Phase-phase coupling based on von Mises distribution

This example illustrates how the choice of kappa affects the obtained phase-phase coupling if the ppc_von_mises() method based on the von Mises distribution is used.

import numpy as np
from harmoni.extratools import compute_plv
from matplotlib import pyplot as plt

from meegsim.coupling import ppc_von_mises
from meegsim.waveform import narrowband_oscillation

To illustrate the effect, we consider a range of values from 0.01 to 10 for kappa, performing several simulations for each value.

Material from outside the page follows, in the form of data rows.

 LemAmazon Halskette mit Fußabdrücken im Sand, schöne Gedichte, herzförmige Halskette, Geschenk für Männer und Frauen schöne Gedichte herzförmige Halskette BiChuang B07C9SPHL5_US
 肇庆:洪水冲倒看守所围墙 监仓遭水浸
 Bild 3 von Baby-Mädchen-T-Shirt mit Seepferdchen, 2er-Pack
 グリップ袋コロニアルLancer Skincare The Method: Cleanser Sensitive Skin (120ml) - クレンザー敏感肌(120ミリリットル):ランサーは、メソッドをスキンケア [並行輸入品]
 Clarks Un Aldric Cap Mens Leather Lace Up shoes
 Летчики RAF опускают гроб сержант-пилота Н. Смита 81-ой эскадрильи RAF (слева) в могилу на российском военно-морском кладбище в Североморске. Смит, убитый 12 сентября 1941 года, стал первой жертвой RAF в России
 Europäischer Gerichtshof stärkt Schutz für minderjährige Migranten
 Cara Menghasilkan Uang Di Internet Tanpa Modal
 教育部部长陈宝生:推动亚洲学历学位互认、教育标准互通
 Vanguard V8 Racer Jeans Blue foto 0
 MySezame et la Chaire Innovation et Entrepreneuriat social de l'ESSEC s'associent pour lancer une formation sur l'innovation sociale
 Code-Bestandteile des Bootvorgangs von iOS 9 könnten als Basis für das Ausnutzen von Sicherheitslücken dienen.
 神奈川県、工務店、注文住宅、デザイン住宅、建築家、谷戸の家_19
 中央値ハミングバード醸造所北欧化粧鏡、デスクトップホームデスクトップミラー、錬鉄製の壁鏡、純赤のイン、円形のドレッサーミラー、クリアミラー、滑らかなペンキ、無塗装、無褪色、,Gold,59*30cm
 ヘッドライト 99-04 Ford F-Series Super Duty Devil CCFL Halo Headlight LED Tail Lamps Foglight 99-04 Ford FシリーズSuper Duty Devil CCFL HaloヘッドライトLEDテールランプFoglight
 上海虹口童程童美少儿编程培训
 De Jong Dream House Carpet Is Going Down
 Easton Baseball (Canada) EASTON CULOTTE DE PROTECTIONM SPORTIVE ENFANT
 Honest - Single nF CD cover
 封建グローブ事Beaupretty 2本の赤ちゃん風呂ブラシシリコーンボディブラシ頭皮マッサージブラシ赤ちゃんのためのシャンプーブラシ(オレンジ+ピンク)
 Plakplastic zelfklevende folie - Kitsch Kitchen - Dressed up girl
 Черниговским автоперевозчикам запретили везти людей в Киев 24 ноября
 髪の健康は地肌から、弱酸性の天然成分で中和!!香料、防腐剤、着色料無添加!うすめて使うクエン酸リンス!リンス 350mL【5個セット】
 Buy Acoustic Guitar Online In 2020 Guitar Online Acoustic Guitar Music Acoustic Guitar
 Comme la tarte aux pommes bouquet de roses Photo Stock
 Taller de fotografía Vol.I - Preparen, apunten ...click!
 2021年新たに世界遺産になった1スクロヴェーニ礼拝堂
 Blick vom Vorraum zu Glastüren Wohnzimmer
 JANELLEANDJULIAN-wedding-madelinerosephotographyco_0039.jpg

In addition, we vary the length of the simulated data:

lengths = [10, 30, 60]
n_kappas = 11
n_runs = 25
kappas = np.logspace(-2, 1, n_kappas)
sfreq = 250
fmin = 8
fmax = 12

For each considered setting (kappa, data length), we randomly generate a narrowband alpha (8-12 Hz) oscillation and a coupled oscillation with the mean phase lag of \({\pi}/2\). We then estimate the phase-locking value (PLV) of the simulated oscillations and plot the mean PLV (black line) as well as its standard deviation (shaded region: +-1.96SD):

fig, axes = plt.subplots(ncols=len(lengths), figsize=(9, 4), layout="constrained")
for ax, length in zip(axes, lengths):
    times = np.arange(0, length, 1 / sfreq)
    waveform = narrowband_oscillation(1, times, fmin=fmin, fmax=fmax)

    phase_lag = np.pi / 4
    plv = np.zeros((n_runs, n_kappas))
    for i_run in range(n_runs):
        for i_kappa, kappa in enumerate(kappas):
            result = ppc_von_mises(
                waveform, sfreq, phase_lag, kappa=kappa, fmin=fmin, fmax=fmax
            )
            cplv = compute_plv(waveform, result, m=1, n=1, plv_type="complex")
            plv[i_run, i_kappa] = np.abs(cplv)[0][0]

    plv_mean = np.mean(plv, axis=0)
    plv_sd = np.std(plv, axis=0)
    ax.plot(kappas, plv_mean, c="k", linewidth=1.5)
    ax.fill_between(
        kappas, plv_mean - 1.96 * plv_sd, plv_mean + 1.96 * plv_sd, color="grey"
    )
    ax.set_xscale("log")
    ax.set_xticks([0.01, 0.1, 1, 10])
    ax.set_xticklabels([0.01, 0.1, 1, 10])
    ax.set_ylim([0, 1])
    ax.set_xlabel("Kappa")
    ax.set_ylabel("PLV")
    ax.set_title(f"duration = {length} s")

As shown in the plots above, kappa is monotoneously related to the resulting PLV between coupled time series. This allows for flexible control of coupling, and these plots can be used as reference when picking a suitable value of kappa. For lower values of kappa and shorter recordings, the estimated connectivity has a non-zero noise floor (mean does not reach 0) and becomes less stable (the SD becomes larger).

If the connectivity measure depends on both amplitude and phase (e.g., coherence), its estimated value will also depend on the correspondence between amplitude envelopes of the time series.